The existence of these variables foretells a new generation of medicine that much of our current regulatory systems are likely not prepared to face. We should also consider that compassionate use regulations could well become oversaturated if phage therapy really takes off around the world. For both these reasons, it is in our best interests to help shape the long-term future of this infrastructure, so that our work can be allowed to flourish while the patients we serve are still protected. Experts in the phage field should actively contribute their expertise to legal and political discussions that are necessary to enact these long-term changes.

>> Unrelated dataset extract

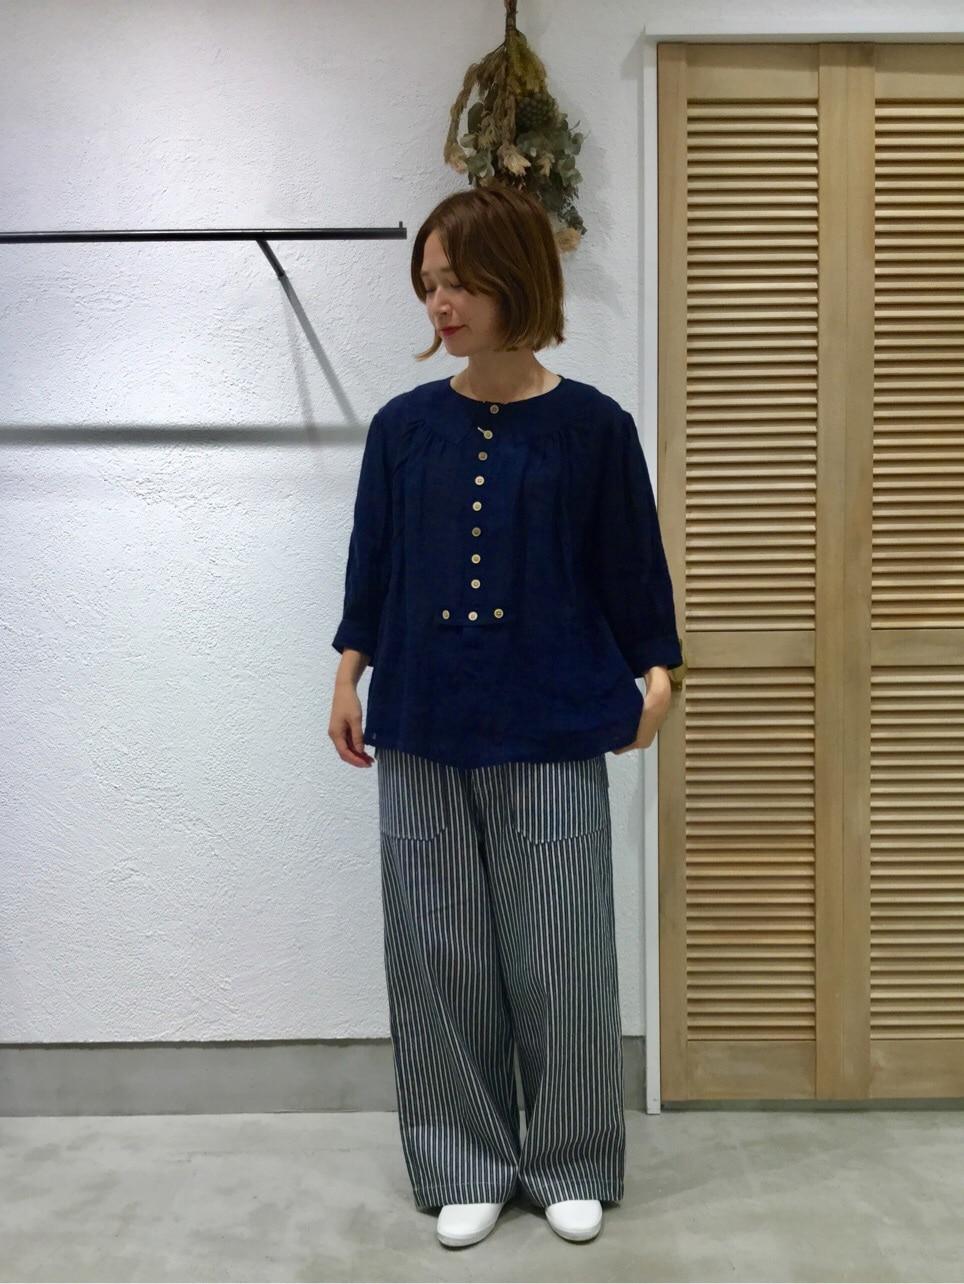 chambre de charme 横浜ジョイナス 身長:160cm 2020.07.21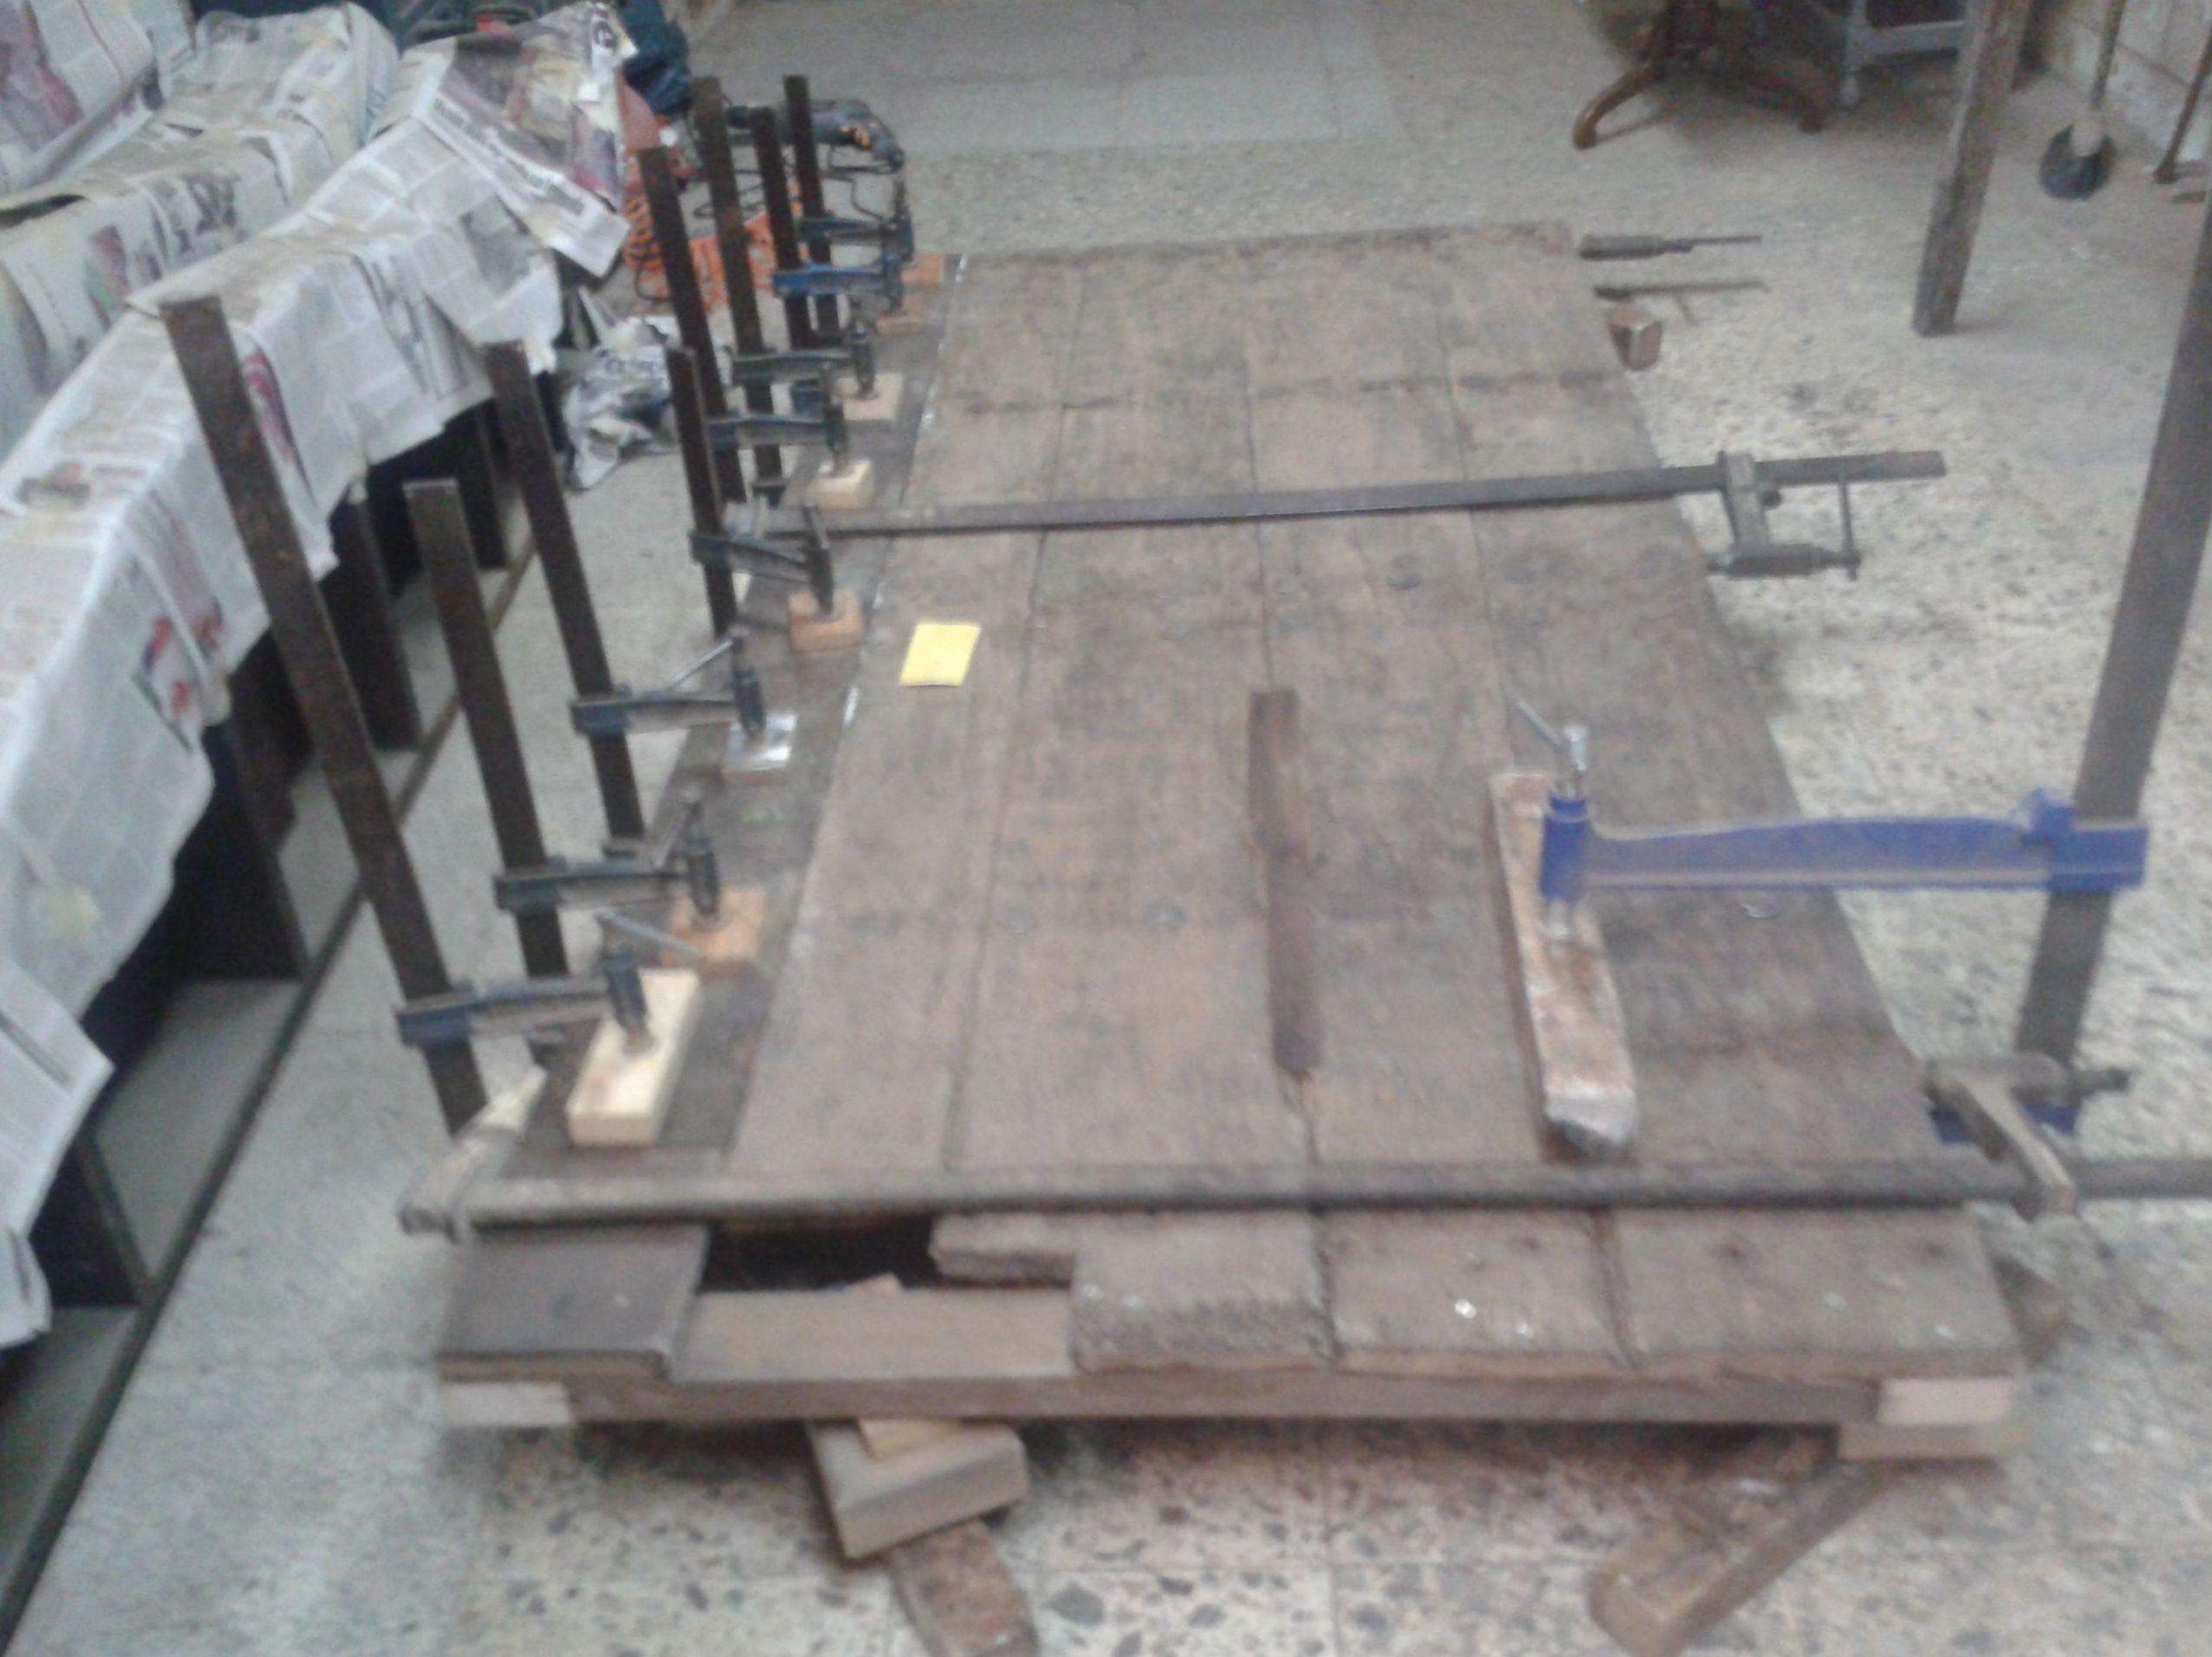 Foto 68 de Restauración de muebles en Pamplona | Lendik Restauración

They could even team up with experts in oncolytic viral therapy and fecal microbiota transplant (FMT), whose fields are likely to face similar challenges.
ACTION ITEM: Advocate for structural updates to solve problems before they emerge.
New Systems Need New Connections
Perhaps the entirely unconventional nature of phage therapy requires some entirely new ideas for its regulation. This idea has already been embraced through different mechanisms in several countries, as has been beautifully summarized in a 2018 mini-review by Lucy Furfaro, Matthew Payne, and Barbara Chang. The unsung backbone of each of these profound policy developments has been effective science communication and outreach to public officials. To enact substantial changes in medical policy, we need to get the attention of policymakers and their constituents through enthusiastic engagement that emphasizes the purpose and urgency of new systems to manage phage therapy. The more that we take the initiative to explain the value of our work to the public and to public servants alike, the more likely it is that we will receive support for new methods to distribute phages.
ACTION ITEM: SciComm!
The sooner we start pursuing these concrete initiatives, the more robust the future of phage therapy will become.